On October 4, 1956, the union held a meeting at which the committee discussed a rumor that the company was considering the discharge of one Bradfield. The committee decided that if Bradfield were discharged, it would request a meeting with Schulenburg to discuss the matter. The next morning, upon learning of Bradfield's discharge, the committee went in a body to the president's reception room and were informed by the receptionist that, although the president was not in, they could wait. A few minutes later John Sutphin, assistant to the president, arrived at work. Sutphin told them that Schulenburg was in town and would be there shortly. The committee indicated it would wait and Sutphin went to his office. At 7:40 Schulenburg's son called his father and told him the committee was waiting to see him. Schulenburg replied that he "would be out there shortly."


The committee was still waiting when Foreman Oller entered the room and told Eaglan and Kilby, two of the committeemen who worked under him, that they were away from their work areas without permission and that they should return to work. Eaglan told Oller to punch their cards out but Oller replied: "I will not punch your cards out, I will pull your cards out of the rack entirely" (that is, discharge them). Foreman Hughes, supervisor of the other three employees on the committee, also came to the reception room and told his subordinates that they were absent without permission and should return to work. The committee members continued to wait for Schulenburg who arrived at 8:10 a. m.


Ten minutes later Schulenburg had the committee enter his office where he had a tape recorder in operation to record the conversation. The committee chairman attempted to discuss the Bradfield discharge, but Schulenburg interrupted and asked each committee member in turn if they had their foreman's permission to be away from the job. They all replied in the negative and Schulenburg then stated: "Well, there is nothing further to discuss, because you are no longer employees of Time-O-Matic, and your checks will be mailed to you." As the employees were leaving Schulenburg told them: "You people didn't handle this right * * * you people seem to think you are bigger than I am." Upon learning of the discharge of the committee, nineteen other employees left their work and picketed the plant for three days and then returned to work.

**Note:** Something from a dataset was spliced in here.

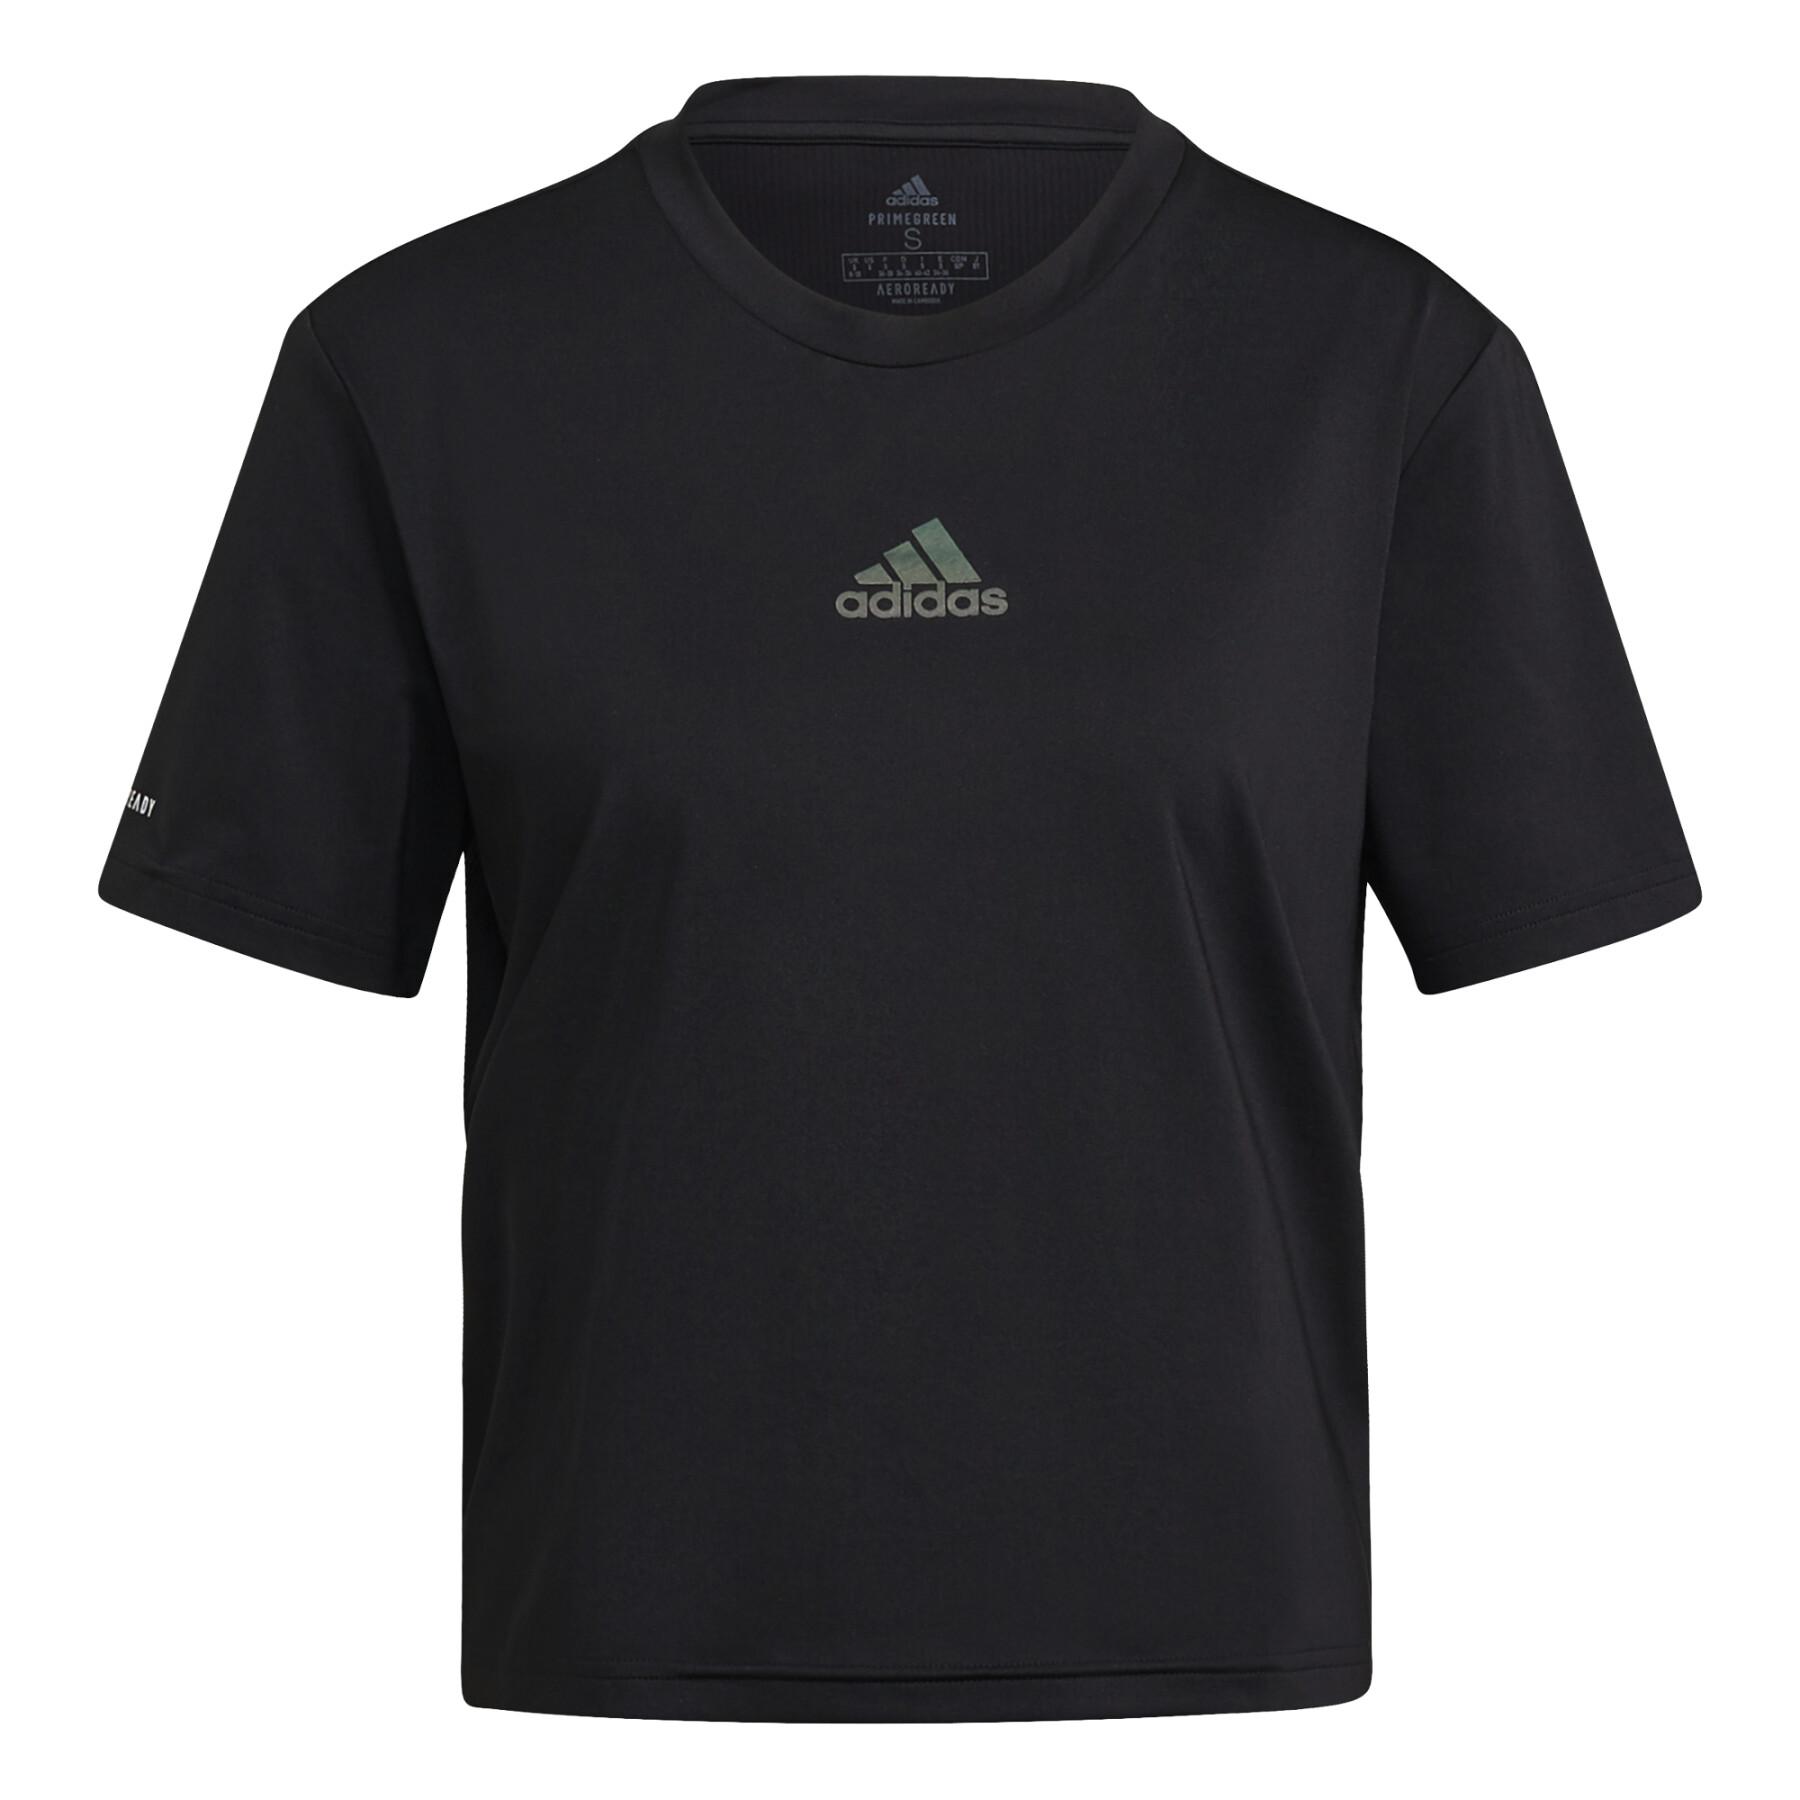 Dames-T-shirt adidas AEROREADY You for You Sport

The Trial Examiner found that petitioner had violated Section 8(a) (1) of the National Labor Relations Act by Foreman Hughes' statements and by its promulgation of a rule against distribution of literature for or against the union. The Board accepted these findings but a majority of three of its five members disagreed with the Trial Examiner's recommendation that no remedial order should issue. It is the Board's position that the fact that the foreman had been directed to discontinue such statements and that the no-distribution notice had been removed, thus purportedly revoked, does not make unnecessary a cease and desist order with the posting of appropriate notices.

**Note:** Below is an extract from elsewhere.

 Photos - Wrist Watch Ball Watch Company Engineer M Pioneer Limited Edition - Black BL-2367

The Trial Examiner found also that petitioner had discharged the five union committee members for cause. With this finding the majority of the Board also disagreed. In the view of the majority the employees were discriminatorily discharged in violation of § 8(a) (1) and (3) of the Act for engaging in a protected union or concerted activity.


Petitioner has admitted that statements were made by its foreman, Hughes, to at least two prospective employees of the company to the effect that nonmembership in the union was a condition of employment. This occurred during the union's organizational drive. It is contended by petitioner that the record fails to establish that the statements were ever communicated to any employee or that they had any coercive effect. There is no merit to this argument. A violation of Section 8(a) (1) of the Act was complete when the statements were made to prospective employees who are employees for purposes of the Act. Phelps Dodge Corporation v. N. L. R. B., 1941, 313 U.S. 177, 182, 191-192, 61 S.Ct. 845, 85 L.Ed. 1271; 29 U.S.C.A. § 152 (3). No proof of coercive intent or effect is necessary under Section 8(a) (1) of the Act, the test being "whether the employer engaged in conduct which, it may reasonably be said, tends to interfere with the free exercise of employee rights under the Act." N. L. R. B. v. Illinois Tool Works, 7 Cir., 1946, 153 F. 2d 811, 814.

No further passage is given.